**What the task asks:**
The answer is an exact copy of the lines from the one with "Jorge Lorenzo #99" to the end of the listing below, pictures left out.

**Given data:**
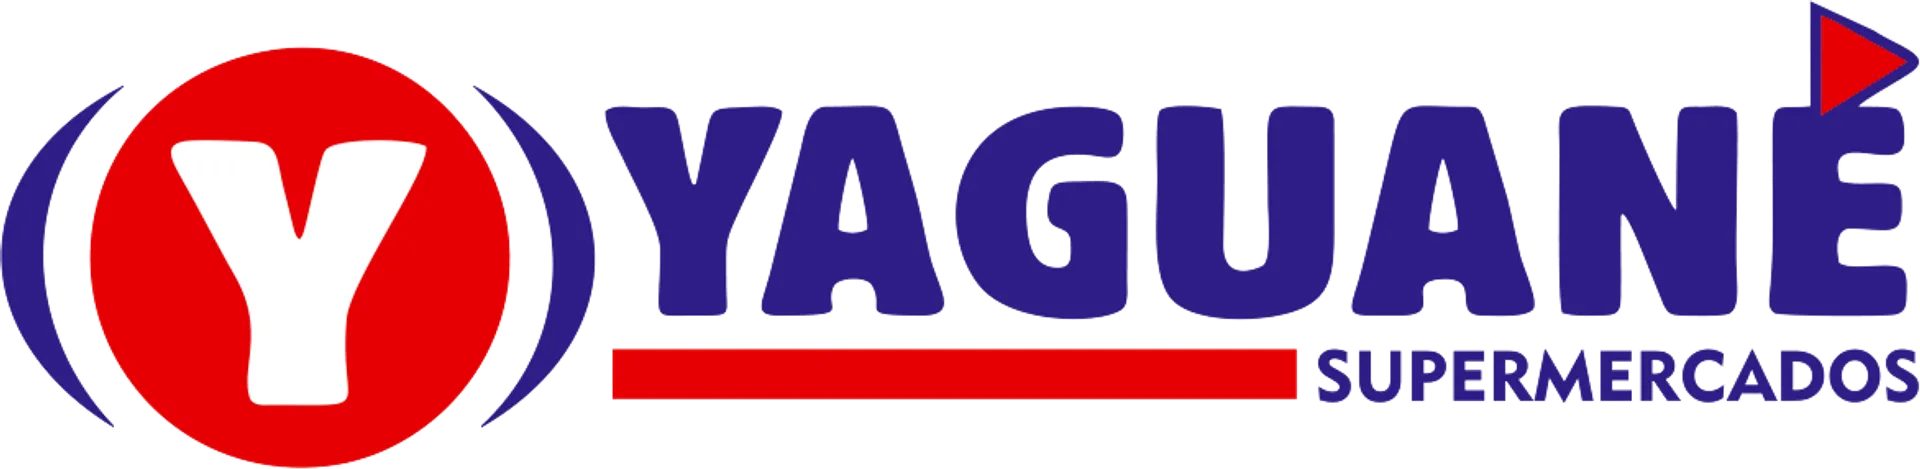 YAGUANÉ SUPERMERCADOS logo
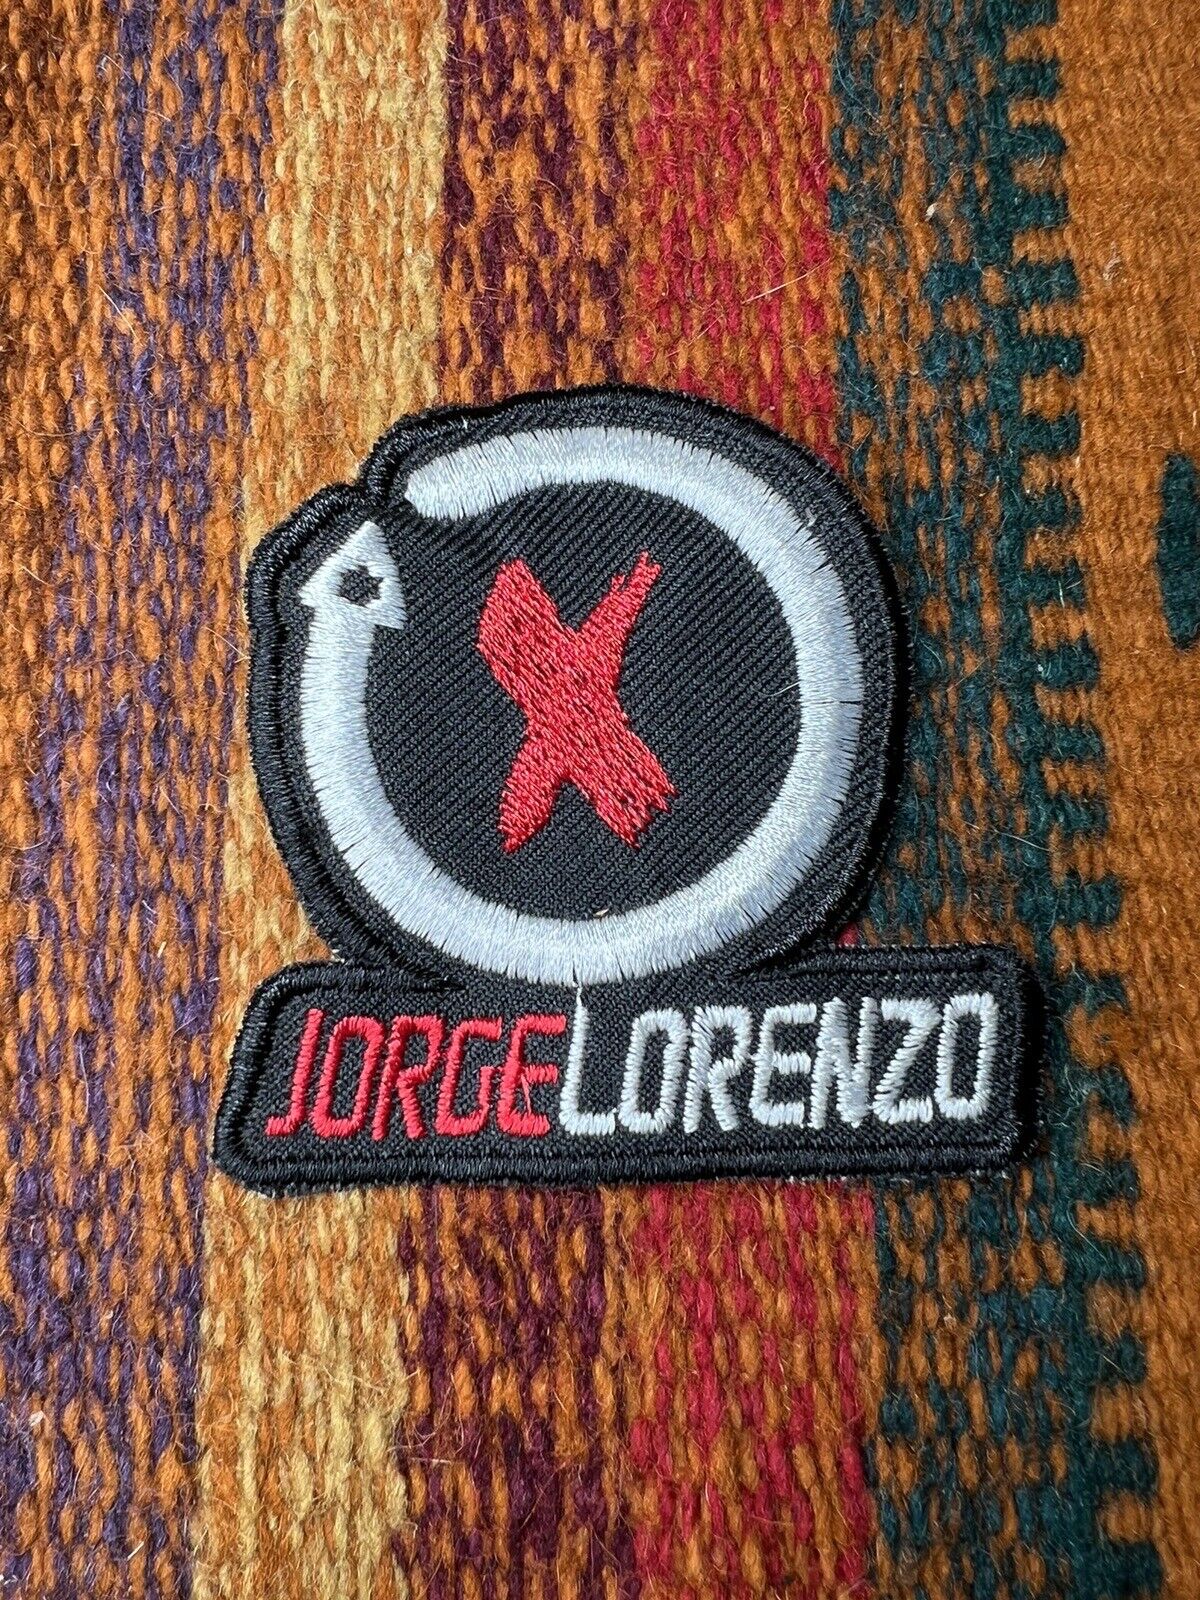 Jorge Lorenzo #99 Motorcycle Grand Prix Racing Logo Patch Sew On
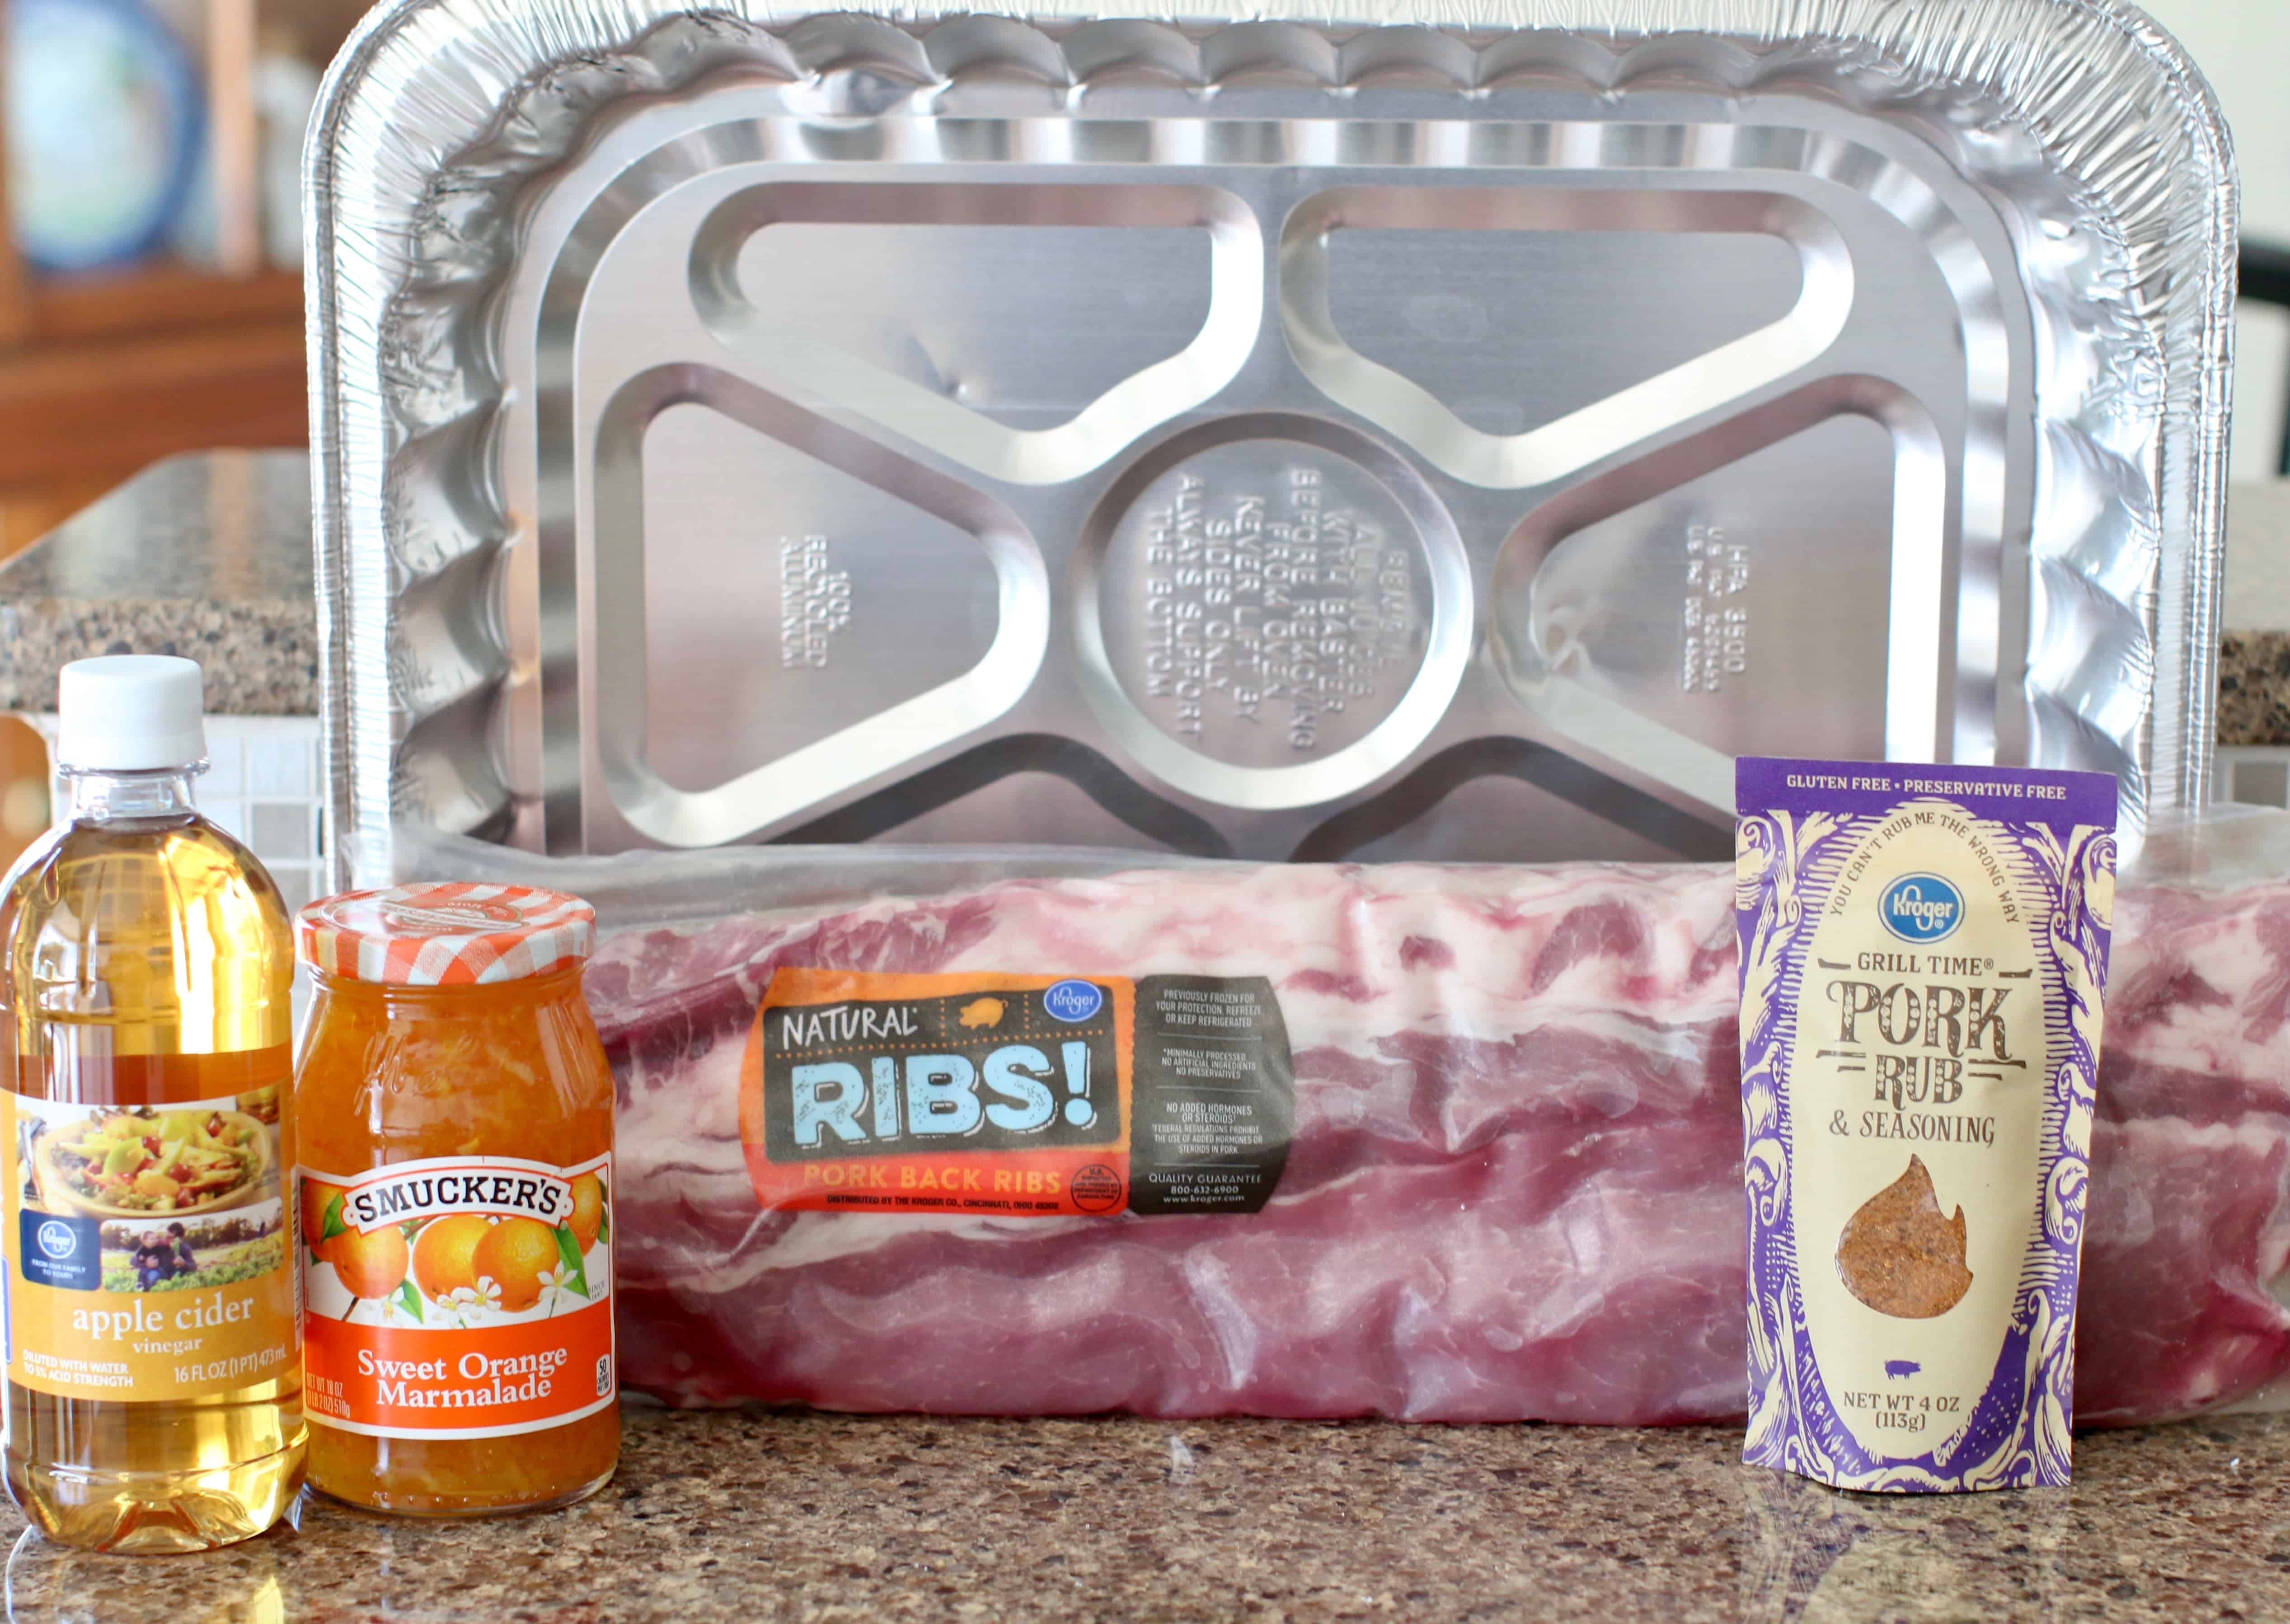 ingredients needed to make grilled ribs: pork rub, rack pork ribs, orange marmalade, apple cider vinegar.

**Exercise solution:**
 Jorge Lorenzo #99 Motorcycle Grand Prix Racing Logo Patch Sew On
 ingredients needed to make grilled ribs: pork rub, rack pork ribs, orange marmalade, apple cider vinegar.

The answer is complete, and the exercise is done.